Comment #21 September 9th, 2006 at 1:13 pm
People looked at the EPR thought-experiment for 50 years and basically came up with “QM is right, and there’s no evidence for anything ‘behind’ it”
The topic in question is not the full physics of quantum mechanics, but more precisely non-commutative or quantum probability as revealed by the Copenhagen interpretation. And the conclusion is not merely that there is no evidence for anything “behind” it. Rather, evidence has accumulated that asking what is “behind” quantum probability is not a good research question.
(You might suppose that progress in science consists entirely of answering questions, but another important part of it is to retire questions that will never have good answers. For example, finding a practical Northwest Passage used to be a fundamental question in geography, until eventually people realized that it just isn’t a very good question.)
On the other hand, even though nothing much has come from asking what’s behind quantum probability, the great discovery of the past 10-20 years is that there is a great deal in front of quantum probability. That is what QC and also QI are all about. I like the subject exactly because it retires many old “quantum philosophy” papers as irrelevant, but elevates some of the remaining ones as important for new reasons.

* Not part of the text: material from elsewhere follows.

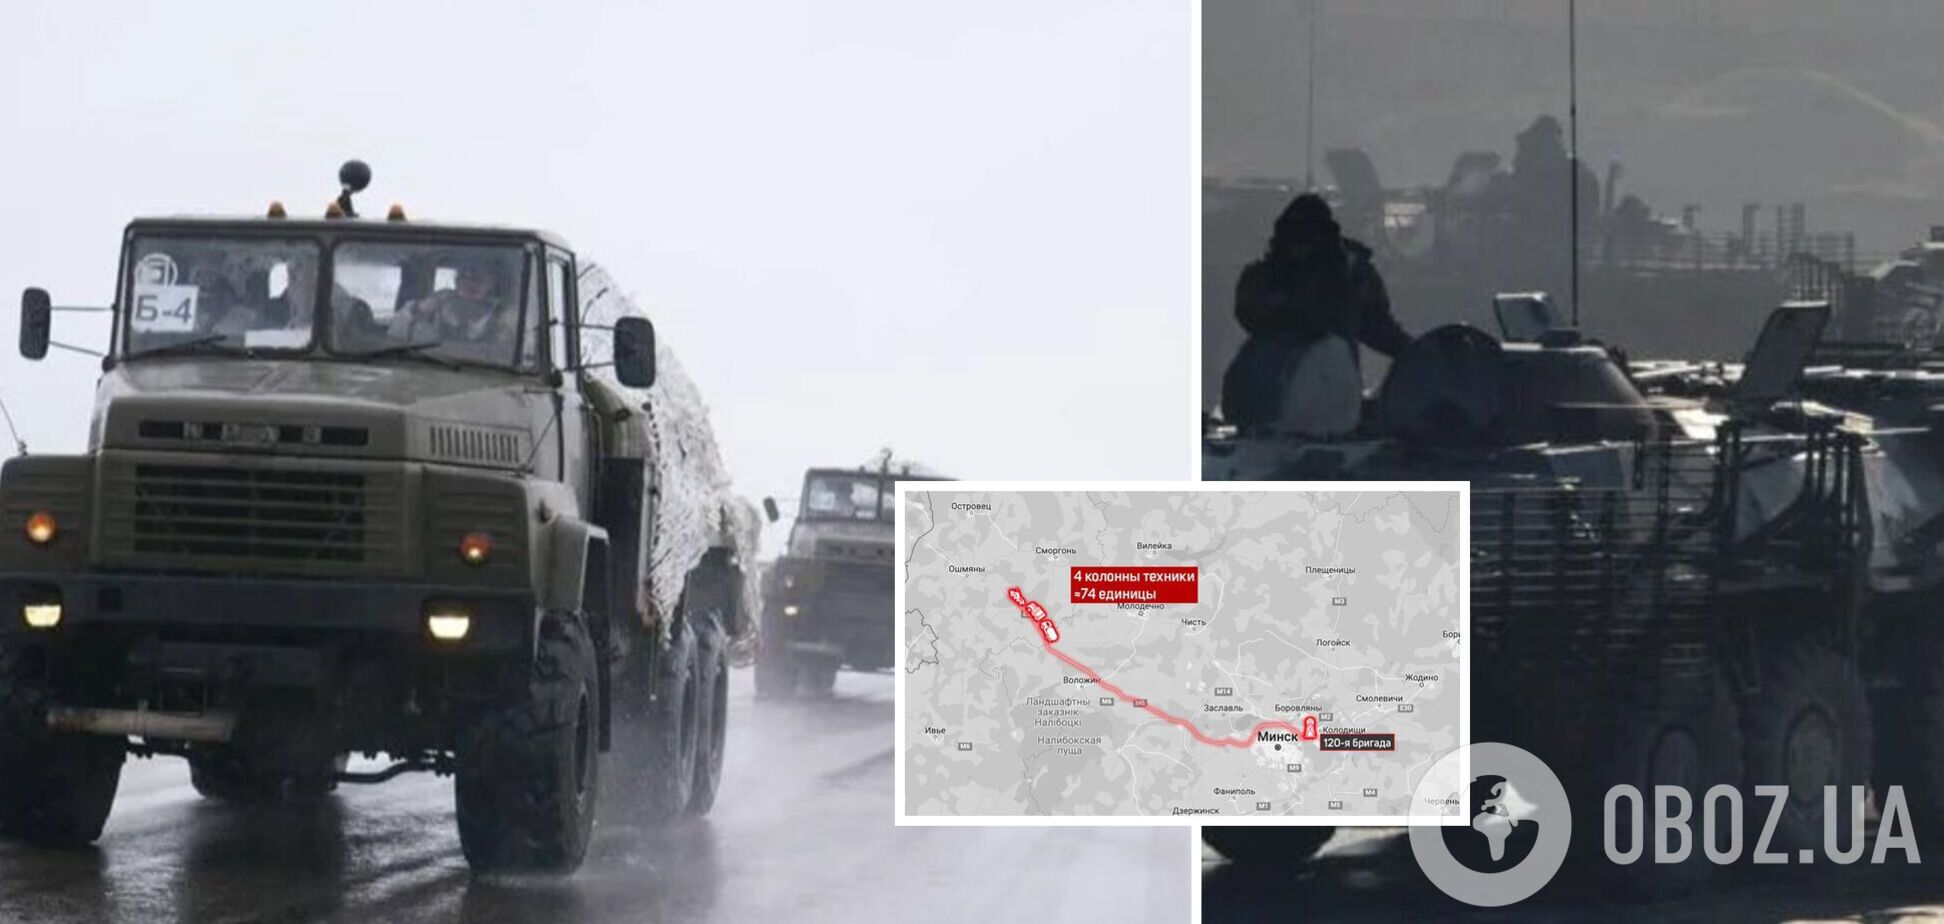 Заявили про перевірку 'боєготовності': з Мінська до кордону з Литвою вирушили чотири колони з військовою технікою – ЗМІ

I started in this area with a viewpoint similar to yours: I thought that QC was a combination of acceleration by a constant factor with quantum devices, and some woo-woo hype about quantum weirdness. But when I looked at the review papers by Preskill and Steane (Nielsen and Chuang had not yet been published), my prejudgment became untenable. Regardless of any “promises” about what QC will be, these papers were really getting somewhere. They were not written by people who just hype and blather.
Comment #22 September 9th, 2006 at 1:23 pm
Thanks for taking the time to respond. At some point I guess I need to get beyond my prejudices and read some of the serious stuff in the field. Thanks for the pointers in this line — survey works seem about the right level.

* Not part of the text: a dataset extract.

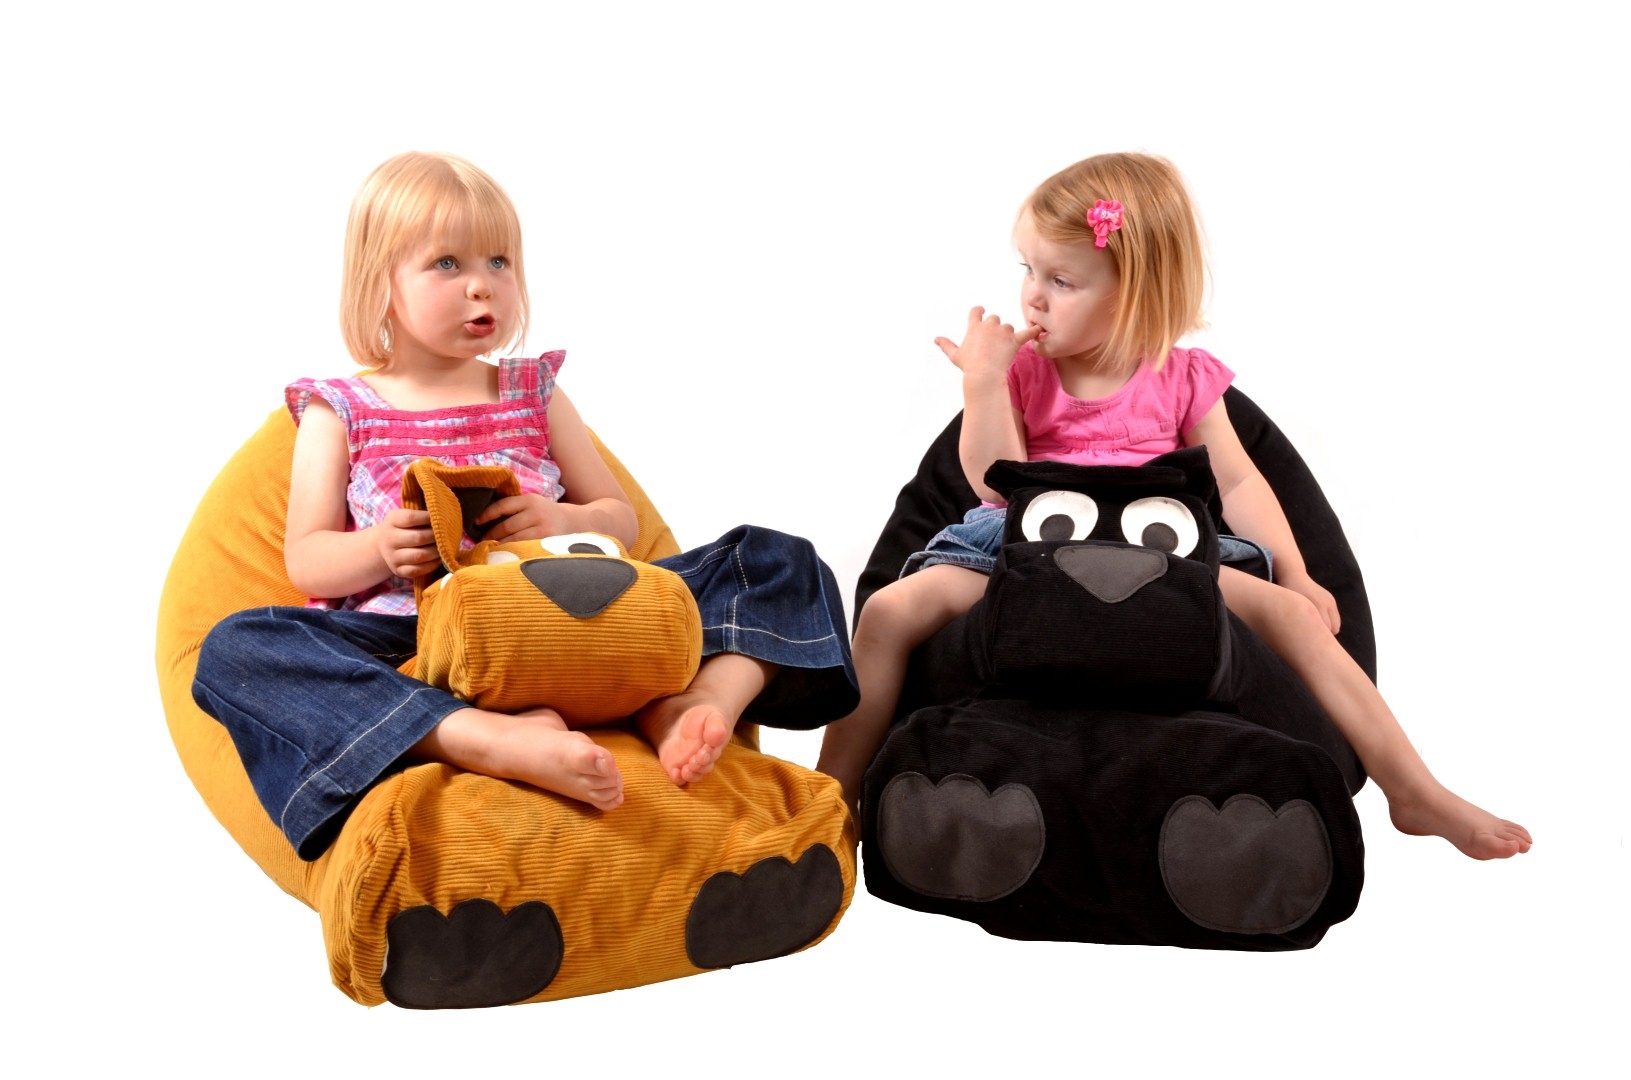 Мягкой посадки! кресло-мешок — теперь необходимый предмет в интерьере детской комнаты

Rather, evidence has accumulated that asking what is “behind” quantum probability is not a good research question.
– exactly. That’s actually what i was trying to say.
Comment #23 September 9th, 2006 at 2:31 pm
[Only] wild-eyed technological optimists … [believe that] we’ll be able to simulate superconductors and quark-gluon plasmas on an ordinary desktop PC!
From an quantum system engineering point of view, the above is the most provocative statement in Scott’s post! Because, the emerging quantum system engineering view is that generic complex quantum systems can be emulated with polynomial (desktop) resources.
Here by “generic quantum system” is meant, any quantum system whose quantum trajectories are algorithmically compressible. Which is (roughly) to say, any quantum system that is not carrying out a quantum computation.
“Simulate superconductors and quark-gluon plasmas?” Sure! Because, why not? What grounds are there to think that these systems post a fundamentally intractable computational problem?
Of course, by the year 2020, Scott’s “desktop computer” will no doubt run Apple’s OS XXX “Sabertooth” operating system, and have ~1024 hyperthreaded CPU cores, with each core running at ~50GHz clock speed.
These future desktop computers will then supply simular computational capability to the present-day supercomputers that simulate … precisely Scott’s “superconductors and quark and gluon plasmas!”
Furthermore, can’t equal or great progress be reasonably be foreseen in the efficiency of quantum simulation algorithms?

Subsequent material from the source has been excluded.